Она вздрогнула: этот ученик отличался излишней молчаливостью.

— Вы что-то хотите мне сказать, Фёдор Иванович? — она посмотрела на него снизу вверх.

«А глаза-то как у Олюшки, — поразился он, — незабудковые». И от этого внутри заныло, словно нерв зубной задел неумёха-врач.

— Давайте я вам помогу… Ну это… Книги в учительскую.

— А давайте, — легко согласилась она. — Кто же от помощи отказывается.

Фёдор шёл за Михайловной по тёмному коридору, чувствуя, как нарастает до тошноты муть.

— Софья Михайловна, — позвал он. Она остановилась, оглянулась. Снова в упор на него смотрели незабудковые глаза.

— Вы того… Не приходите завтра в школу. У вас ведь приступ был вчера.

— Нет, Фёдор Иванович, не могу я так. У меня программа, каждый урок на счету. К тому же работа есть работа, а приступ может быть, а может и не быть.

— И всё же не приходите завтра. Детки у вас, говорят. Вам ради них поберечь себя надо. С вашей-то хворобой всегда на больничку сесть можно.

— Я подумаю. За помощь спасибо. Положите книги на этот стол, пожалуйста.

В коридоре Фёдор помедлил ещё немного. Ну что ж, он попробовал. Большего нельзя сделать. Эх, Михайловна, вроде умная женщина.

Перед отбоем Фёдор вышел покурить на улицу. Луна смотрела своим глазом сквозь мутное небесное стекло, словно вымытое рукой нерадивой хозяйки. Лунный свет немощно струился на темное тело земли, смыкаясь с ней на горизонте в заостренный тупик.

Всю ночь Фёдор тихо ворочался, чтобы никого не тревожить. Под утро увидел он Олюшку, живую, здоровую. Ласково смотрела она на него, подманивая улыбкой. Он шагнул вперёд, откинул прядку с её лба. И вдруг потемнела она лицом и начала завалиться. Фёдор подхватил жену, а опустил уже Михайловну. Лежало грузное тело её в примелькавшемся сером платье на сдвинутых табуретах с облупившейся до чешуек белой краской. На синюшном лице стыли недвижные глаза. Фиолетовые губы шевелились, точно пытались сказать что-то. Обмирая, Фёдор приблизил ухо к самым губам её, боясь упустить что-то важное.

— Или право имею… — услышал он тихий шёпот — и проснулся.

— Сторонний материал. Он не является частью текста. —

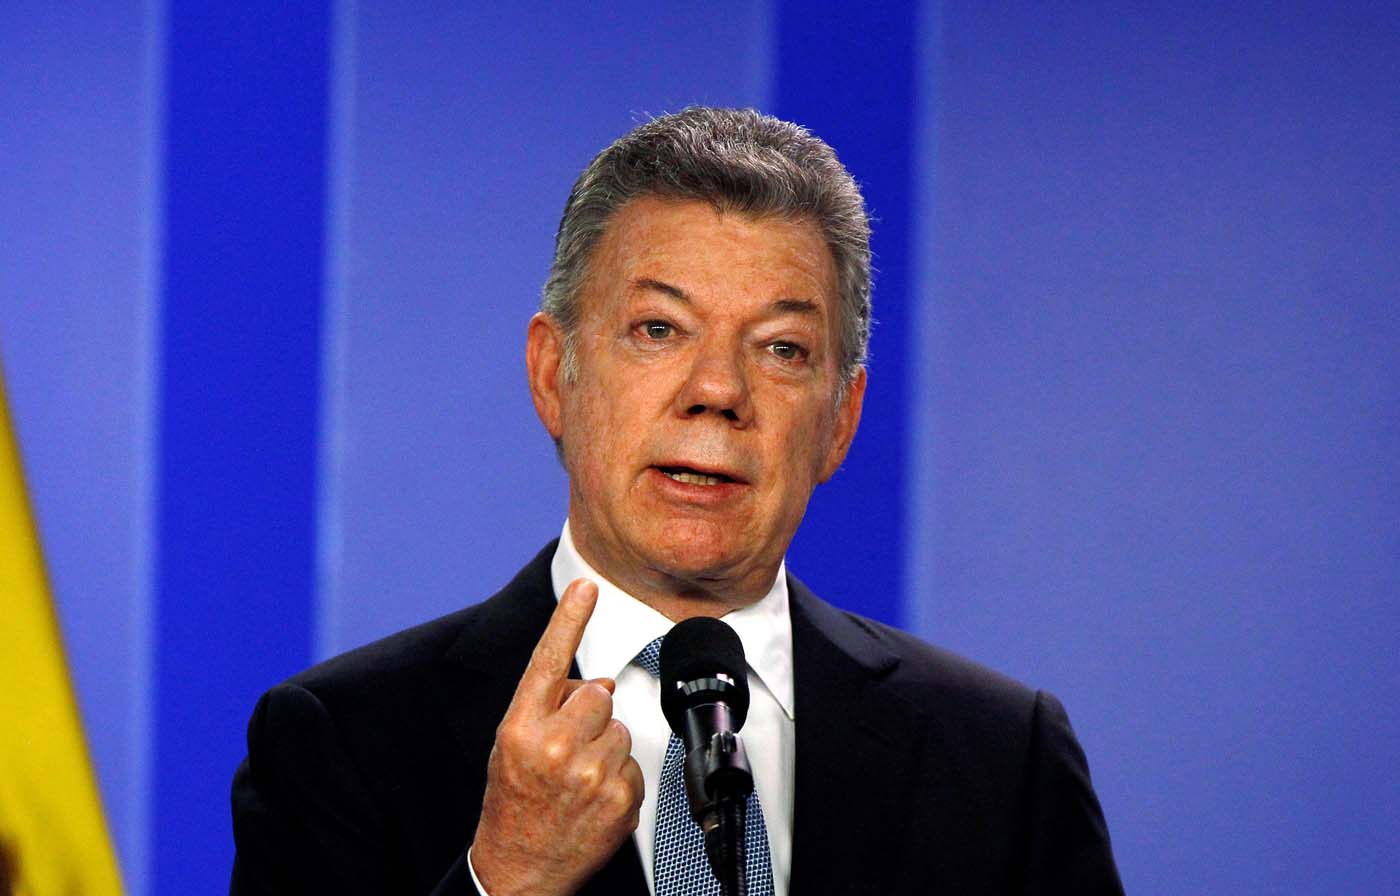 Santos convocará sesiones extra del Congreso si no se aprueba Justicia de Paz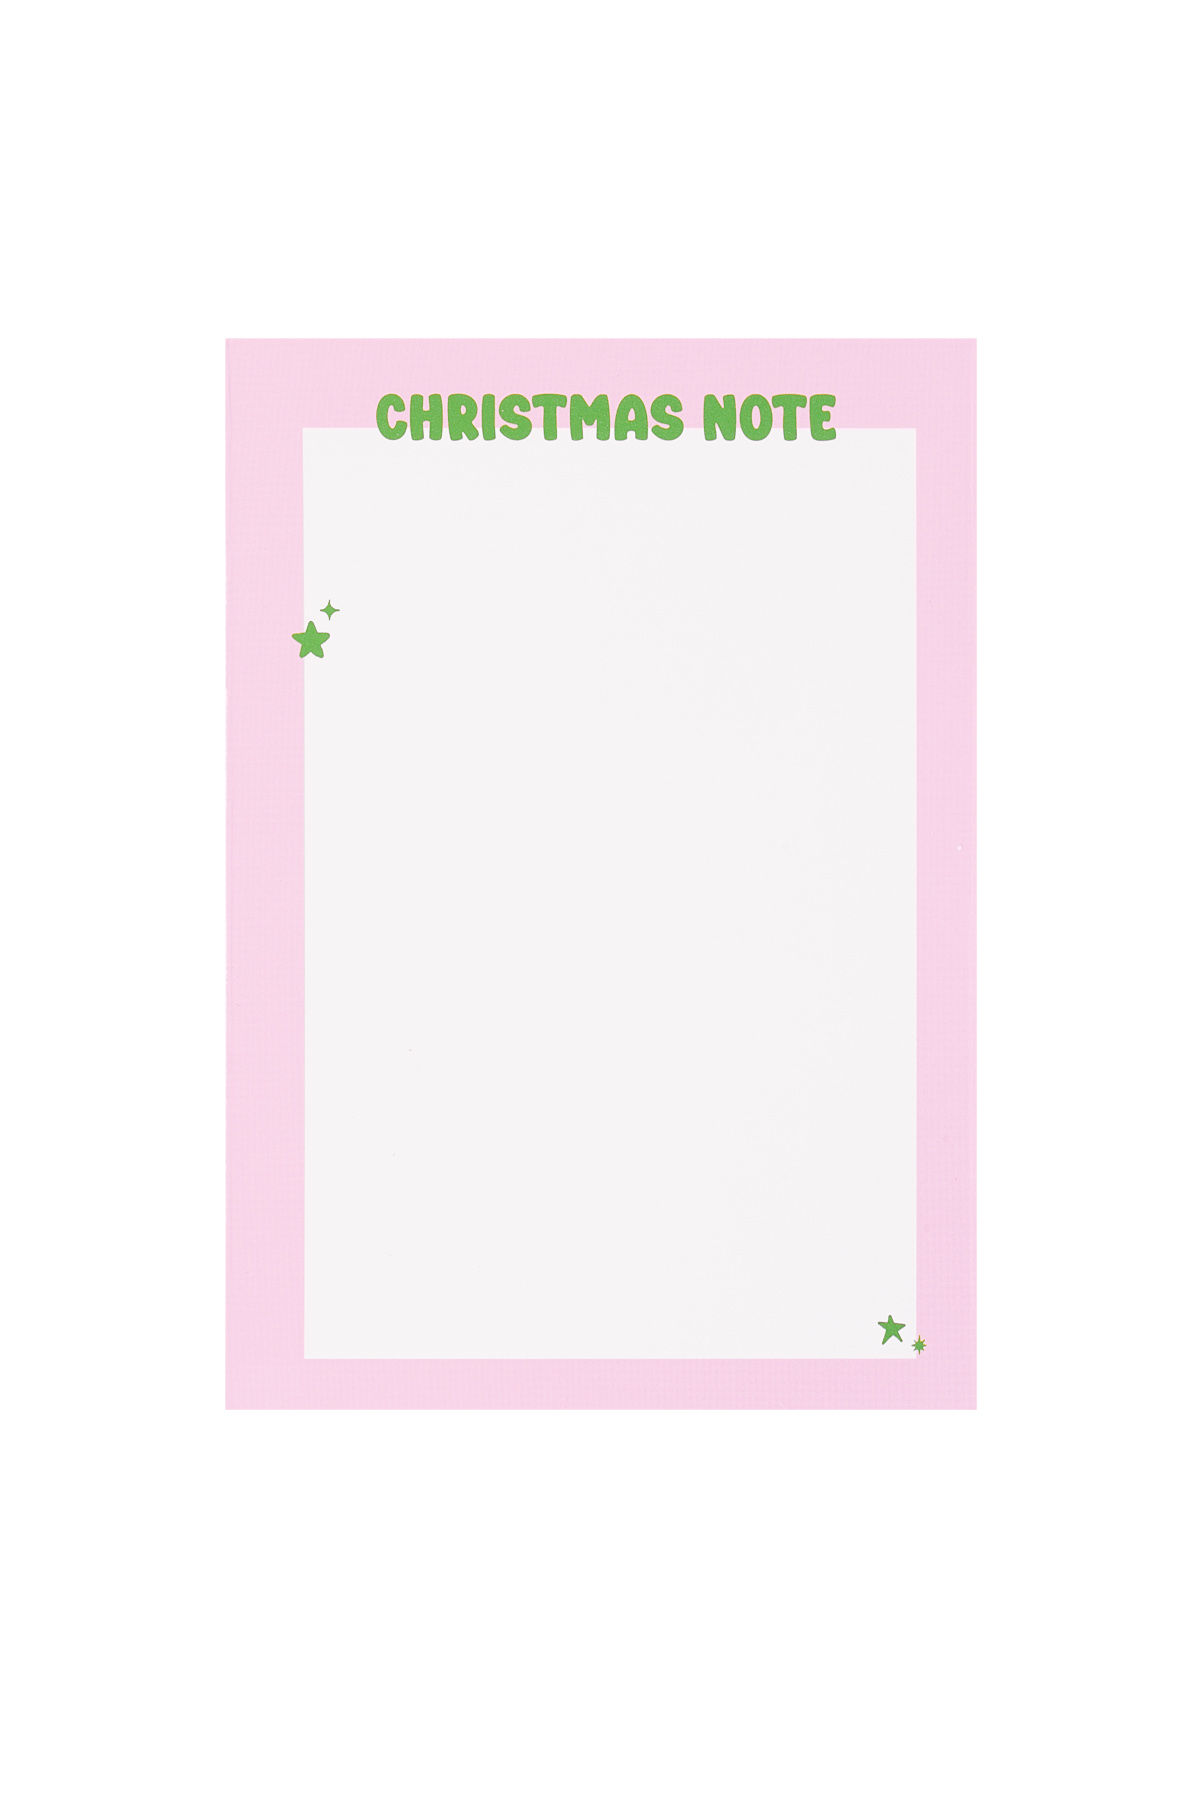 Carte de vœux de Noël qui ressemble un peu à Noël - rose Image2

«Тварь ли я дрожащая или право имею», — билась в висок всплывшая из сонной темноты известная фраза. Вот, значит, как, Олюшка? Право имею не быть больше тварью. Нельзя, видимо, иначе. Он повернулся на бок: сквозь щель между тяжёлыми занавесками пробивался рассвет.

Ранним утром в дверь, обитую коричневым дермантином, вошёл Фёдор в сопровождении дежурного.

— Здравствуйте, гражданин начальник. Разрешите обратиться?

Вечером этого дня учителей не пустили на территорию зоны. Лишь на следующий день узнали они, а затем и весь посёлок об организации бунта и планах захвата заложников. Софья Михайловна больше никогда не видела Фёдора Мамаева. Все попытки узнать о его дальнейшей судьбе были бесполезны. Будучи человеком верующим, по возможности ставила она свечечки в церкви за здравие раба божия Фёдора и верила, что это правильно.